STORED DATA
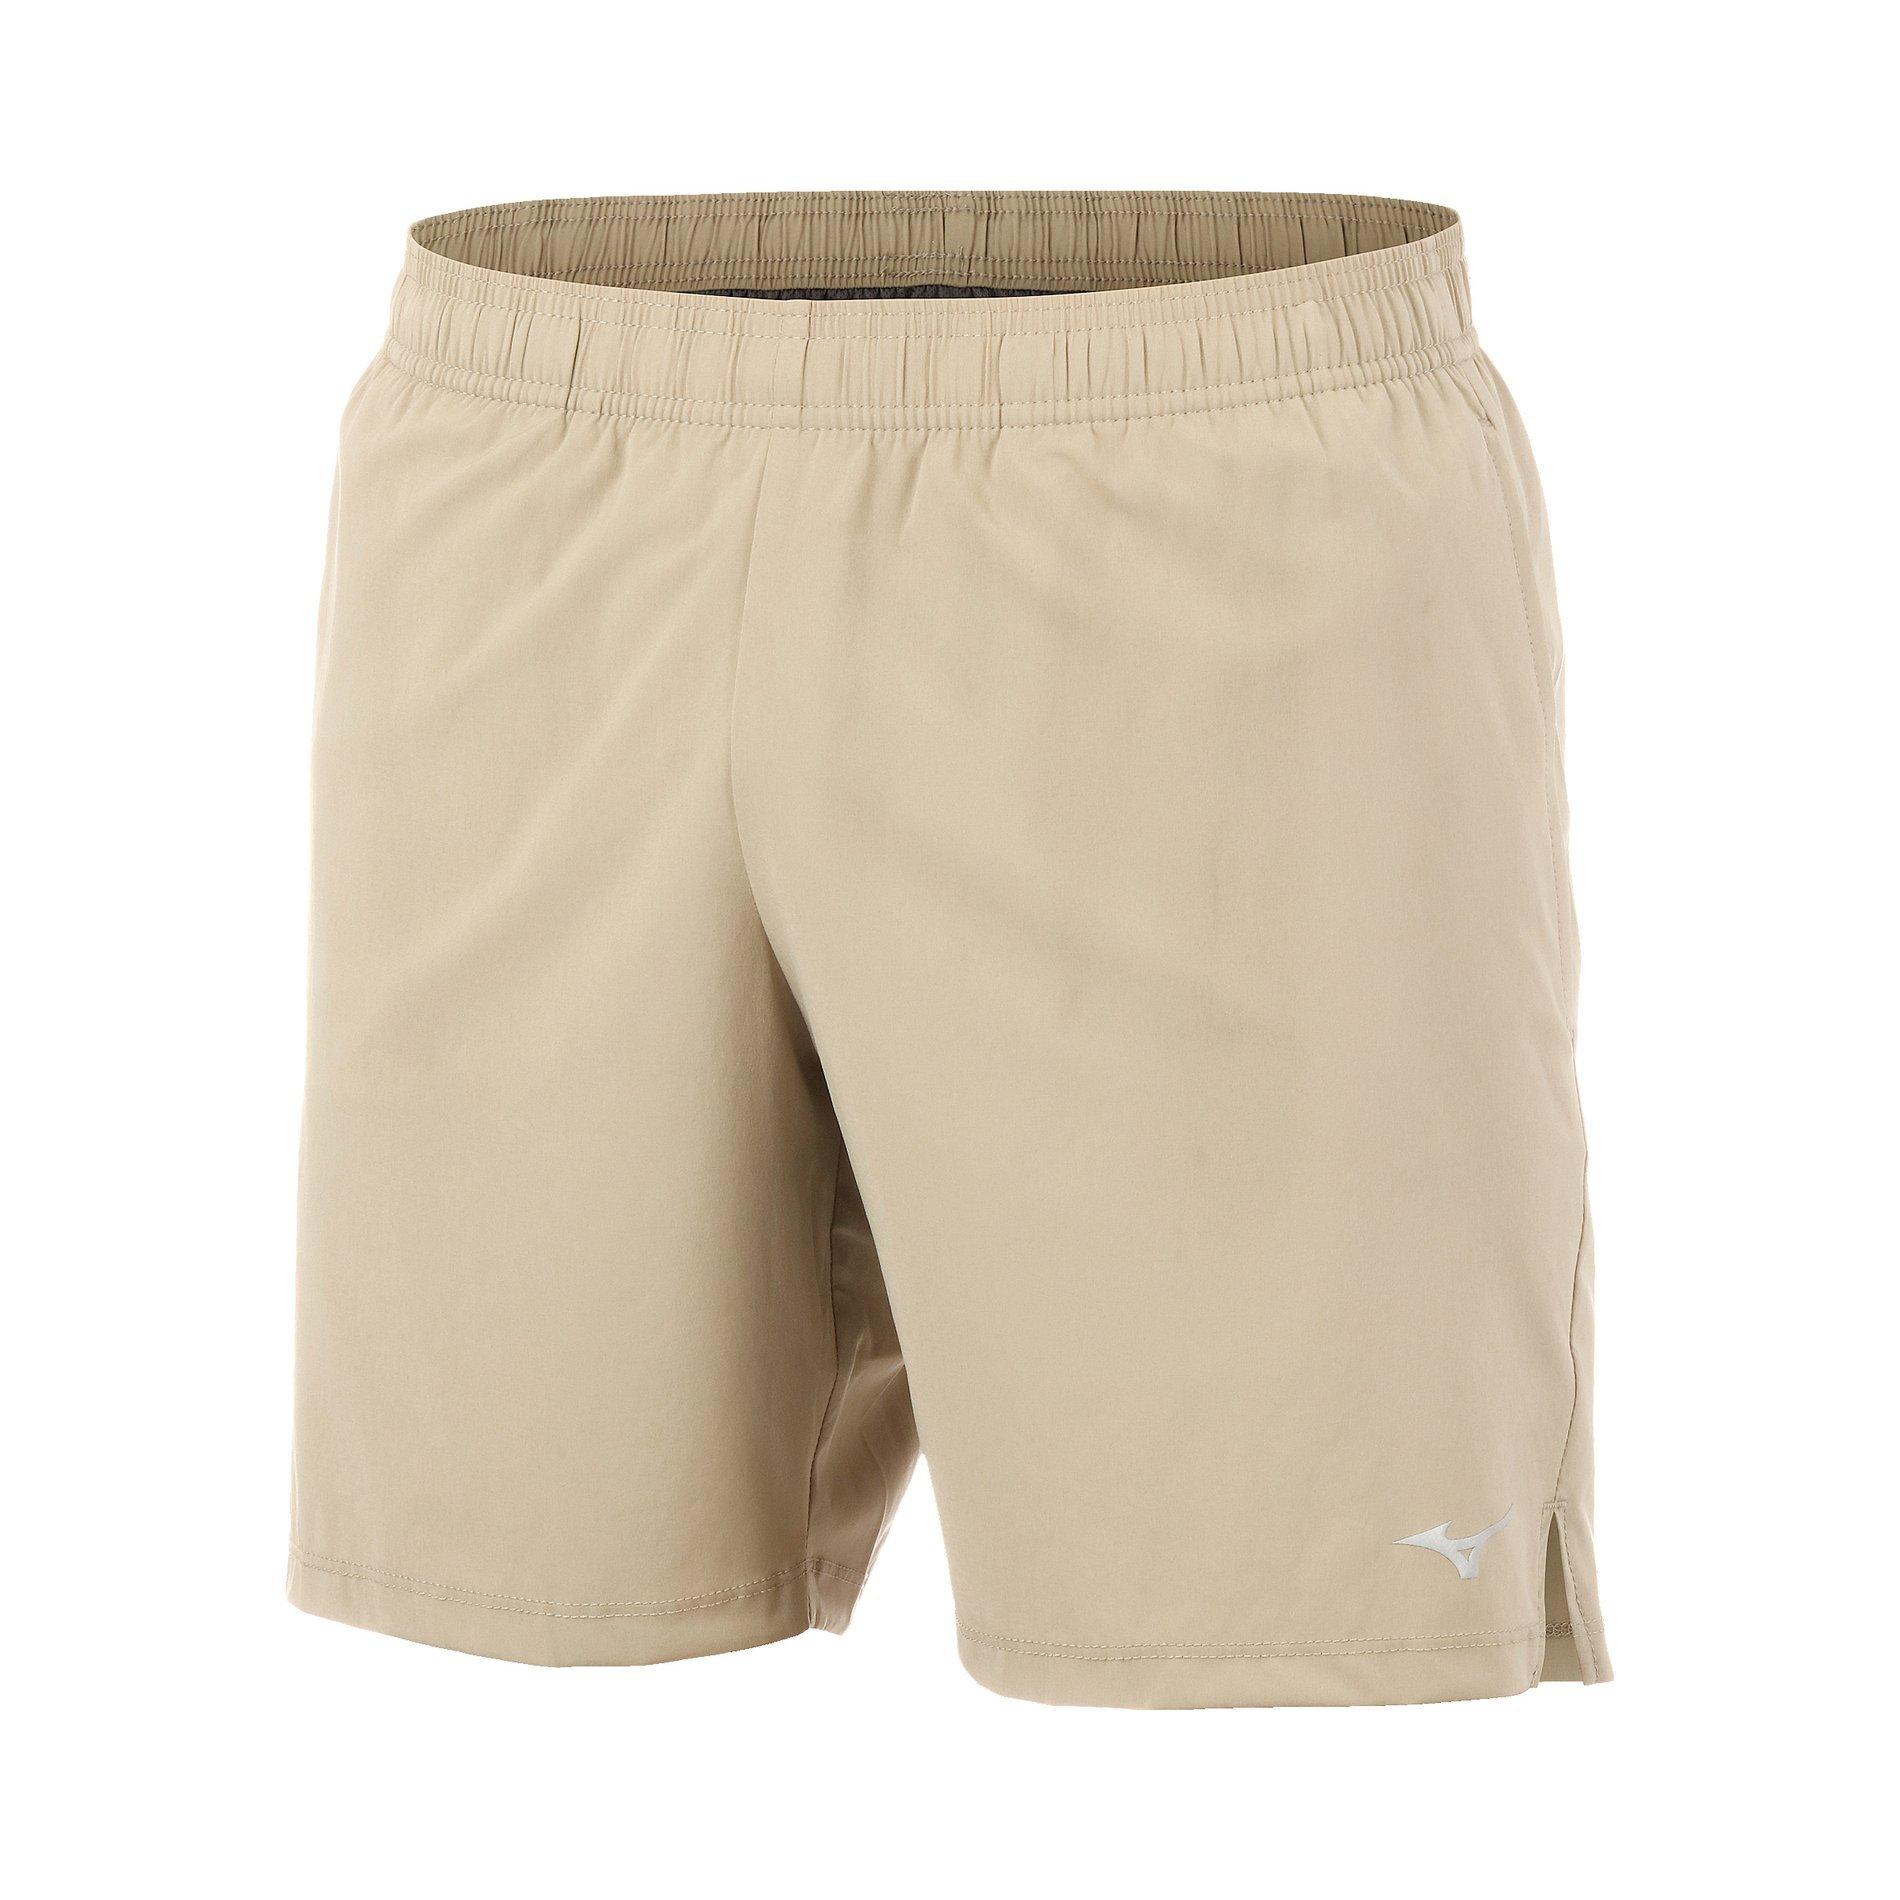 Mizuno Amplify Men's Shorts 8 in, Mens, Shorts, K2GB0515, White, M
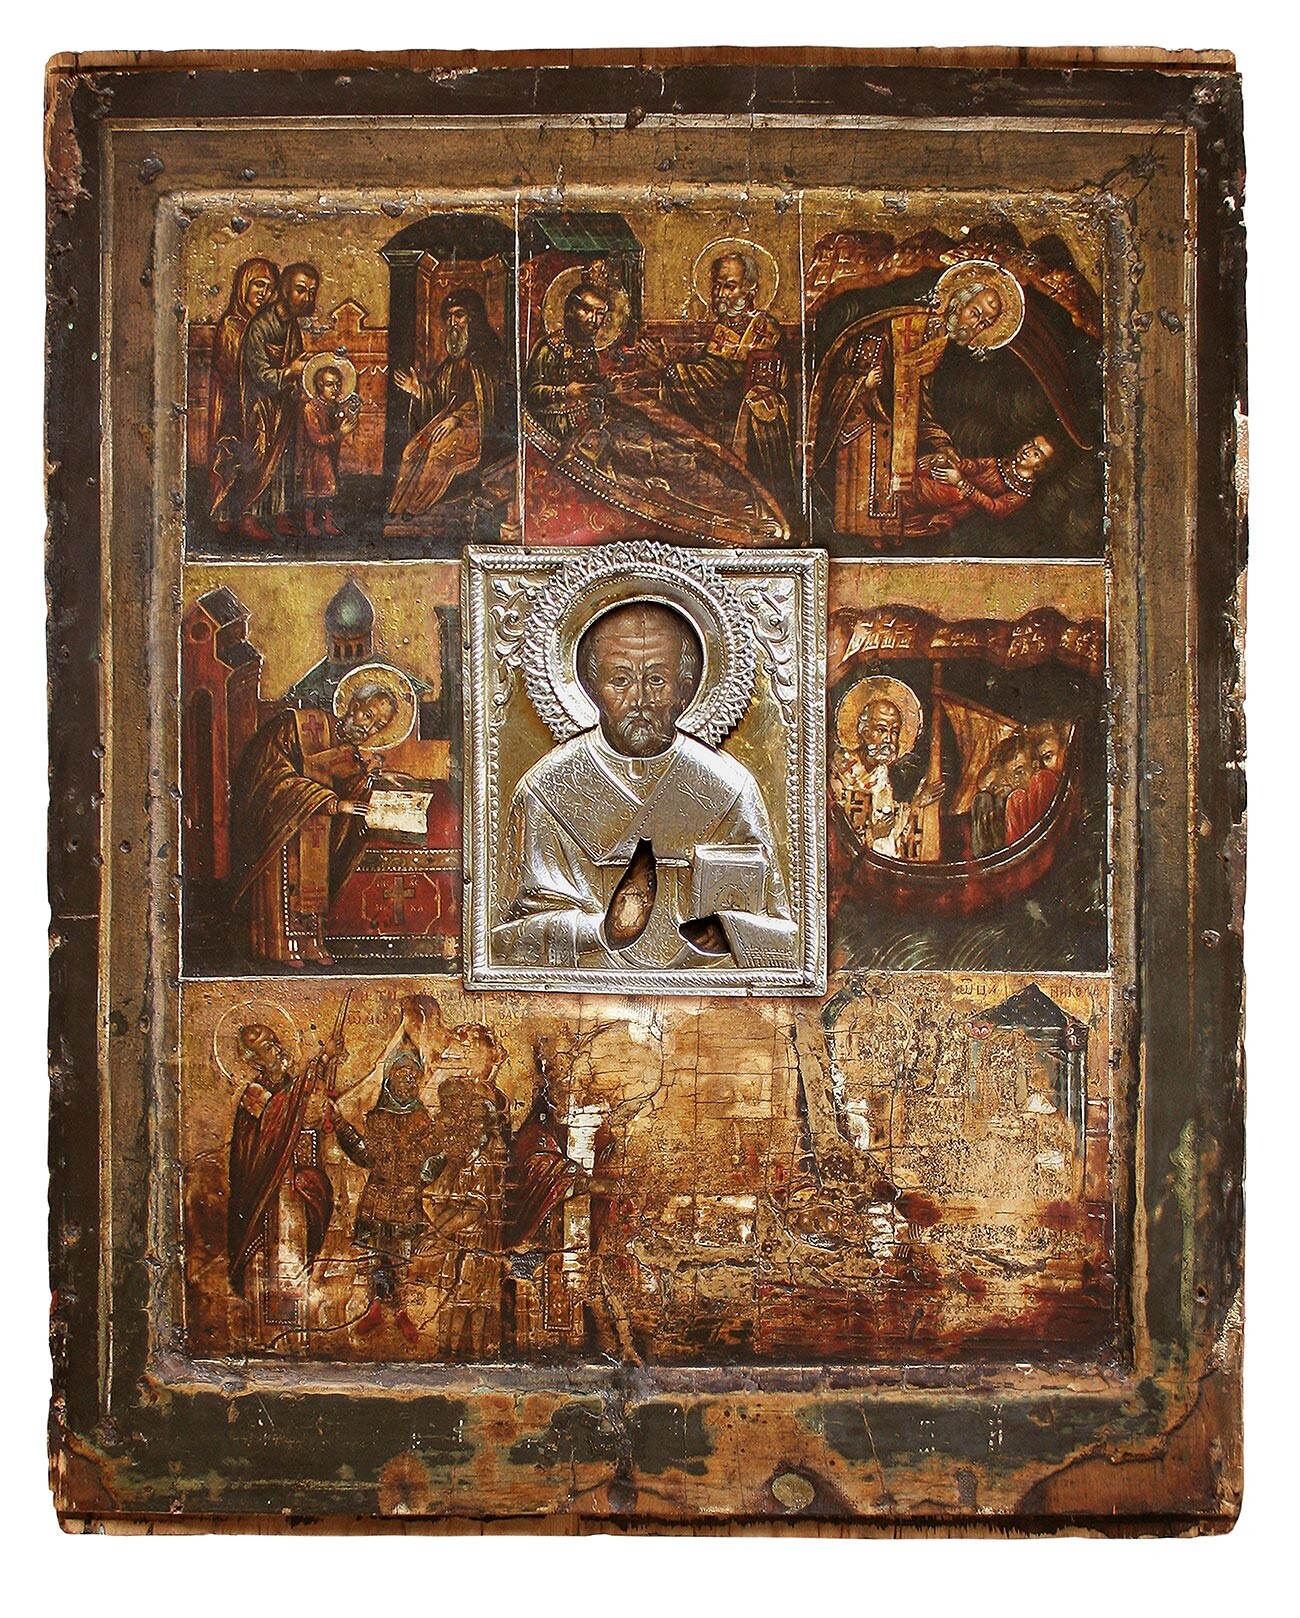 “Icona di Nicola Taumaturgo della Velikaja (Nikola Velikoretskij)” del XVI secolo (Cattedrale di San Serafino a Kirov)
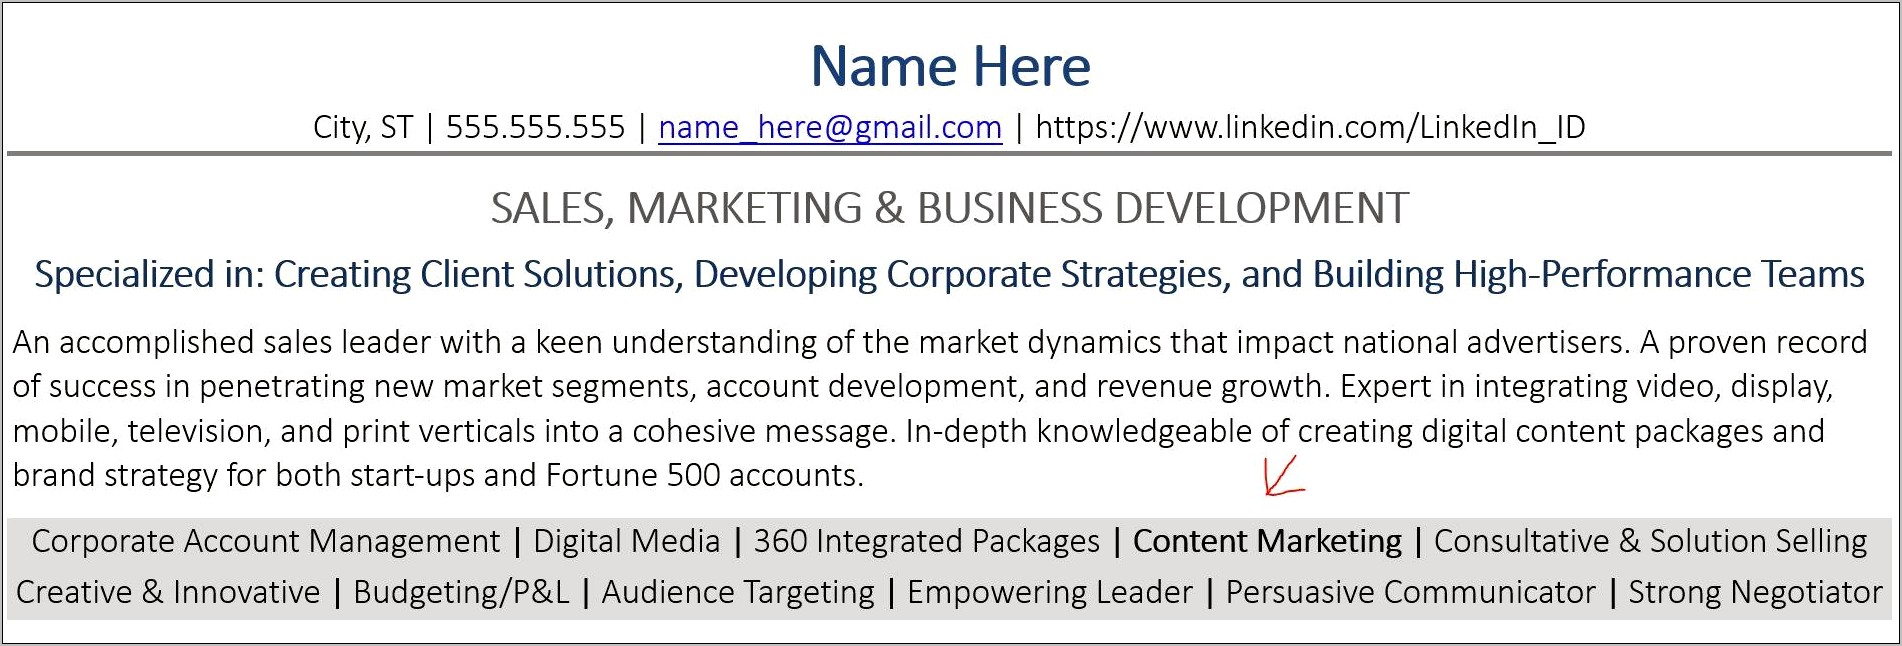 Marketing Resume Skills And Abilities

EXERCISE DESCRIPTION
Leaving the pictures aside, transcribe only the lines from the one containing "Serafino a Kirov)" to the final line of the listing above, inclusive, exactly as they appear.

EXERCISE OUTPUT
 “Icona di Nicola Taumaturgo della Velikaja (Nikola Velikoretskij)” del XVI secolo (Cattedrale di San Serafino a Kirov)
 Marketing Resume Skills And Abilities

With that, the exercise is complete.